Here, the district court specifically referenced the GAL and the custody evaluator’s backgrounds, concluding that both were “highly qualified, extremely professional and very credible.” The court relied in part on their reports in making its decision. Put simply, although never binding, the district court has the power to regard custody recommendations as important and probative. There is no evidence that the district court placed undue weight on the GAL and custody evaluator’s findings.
Appellant argues that the district court committed reversible error by denying her request for an independent study evaluation. Specifically, appellant argues that she was prejudiced by the results of the custody study conducted by Sherburne County Social Services because the GAL and the custody evaluator relied upon each others opinions and adopted respondent’s untrue statements. The decision whether to order a custody evaluation is with the discretion of the trial court and should not be reversed absent abuse of that discretion. Meyer v. Meyer, 375 N.W.2d 820, 826-27 (Minn. App. 1985) review denied (Minn. Dec. 30, 1985).

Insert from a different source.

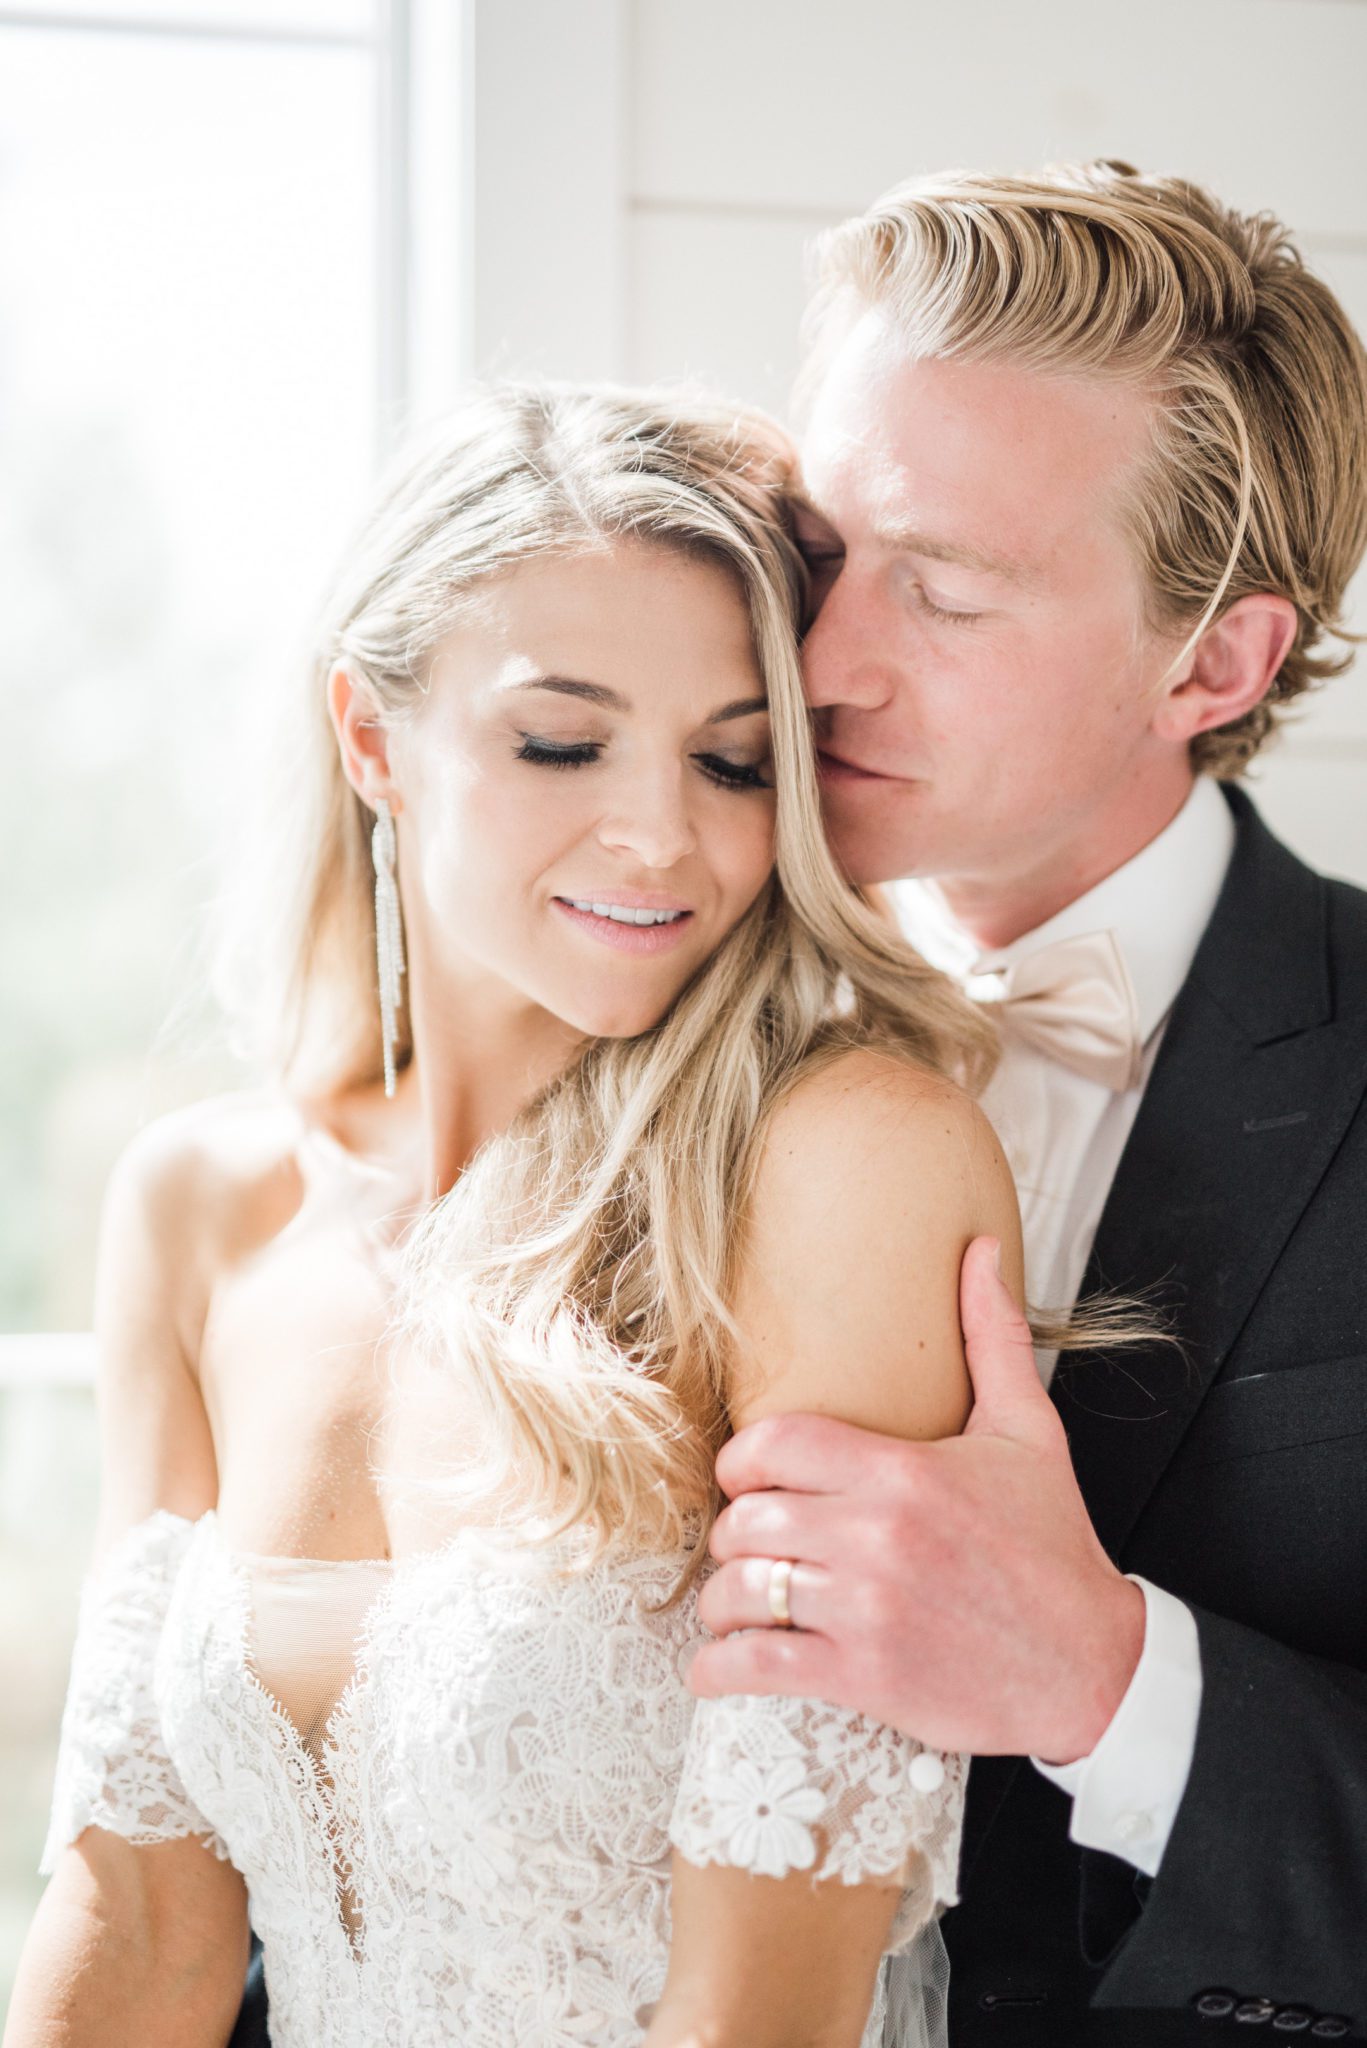 Wedding day attire inspiration for the classic bride and groom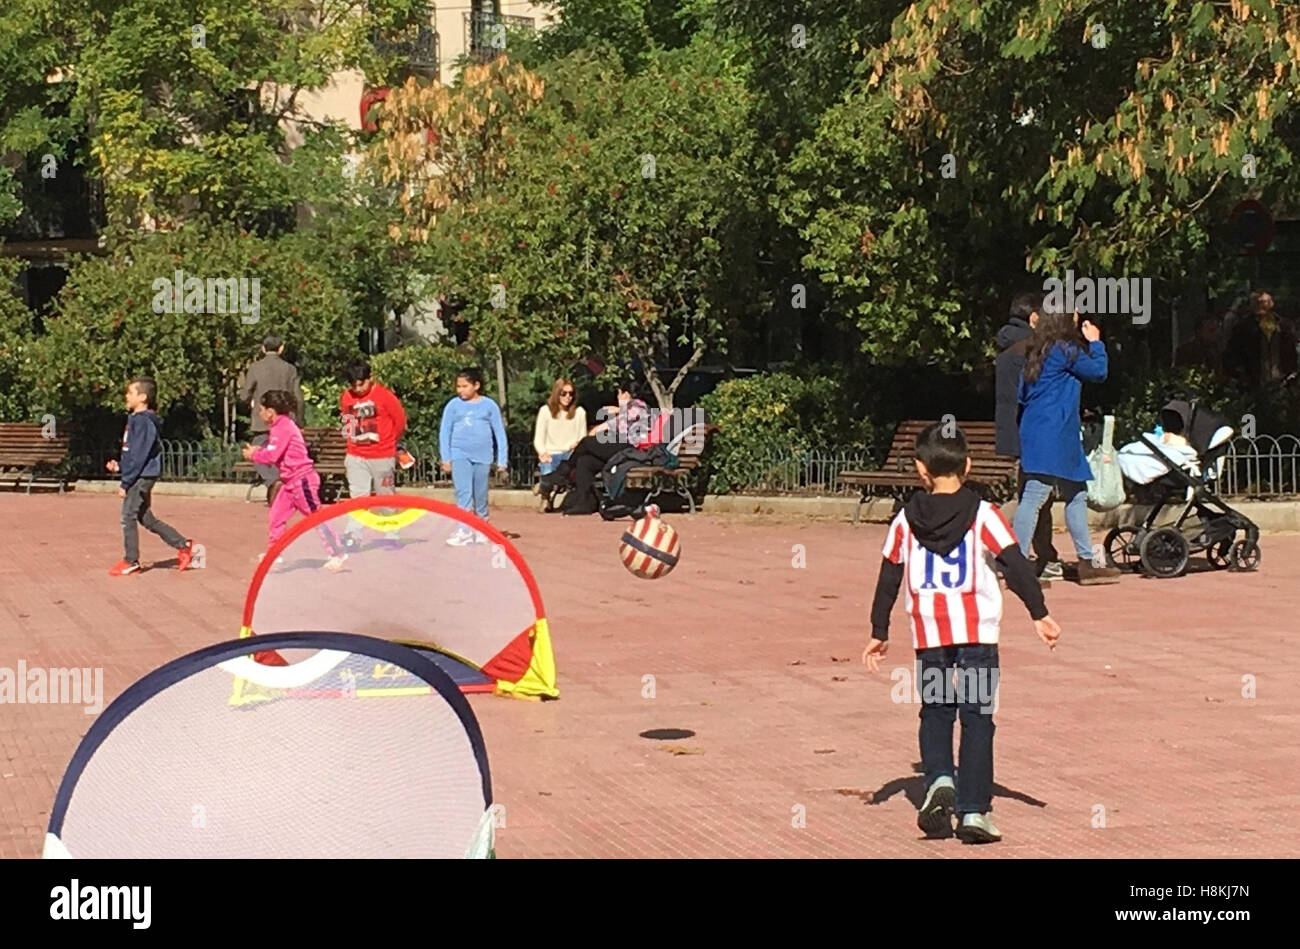 Madrid, Spain. 6th Nov, 2016. Children playing on the Olavide square in Madrid, Spain, 6 November 2016. After an appeal by the Association of Families with Children in Public Schools (CEAPA), which represents more than 12,000 parental unions in Spain, students are said not to do their homework at all weekends in November. PHOTO: EMILIO RAPPOLD/dpa/Alamy Live News Stock Photo

Appellant got her day in court. The district court allowed appellant to retain the services of Dr. James H. Gilbertson to conduct an independent evaluation. The court did hear Dr. Gilbertson’s testimony at trial. Dr. Gilbertson had access to the reports and evaluations conducted by the GAL and the custody evaluator. Dr. Gilbertson had access to the parties’ children. Interestingly, he declined to interview respondent or request an opportunity to observe respondent interact with his children. With Dr. Gilbertson’s testimony of record, we cannot conclude the court committed reversible error by denying appellant’s request for what would be yet another custody evaluation.
Appellant claims that the district court committed reversible error by scheduling and hearing parts of the trial over the course of several months. We disagree. The lengthy split trial (not necessarily recommended) just happened that way because of scheduling. It does not appear intentional on the part of any party or the court. Both sides could claim equally they were helped or hindered by the split trial days. There is no showing that it hindered one party more than the other in getting in their case. There was a trial, it did take longer than normal, but on that alone, we cannot conclude there was reversible error.
 The district court specifically noted that it was not making its determination solely based upon appellant’s relationship with her new boyfriend, or the incident where the parties’ daughter walked in on appellant and her boyfriend engaging in “intimate behavior.” See Hansen v. Hansen, 284 Minn. 1, 6, 169 N.W.2d 12, 15 (Minn. 1969) (stating that “the moral unfitness of the mother must be such as to have a direct bearing on the welfare of [the mother] child if she is to be deprived of custody”). However, the court stated that appellant’s behavior specifically reflects on appellant’s lack of empathy and lack of connection with her children.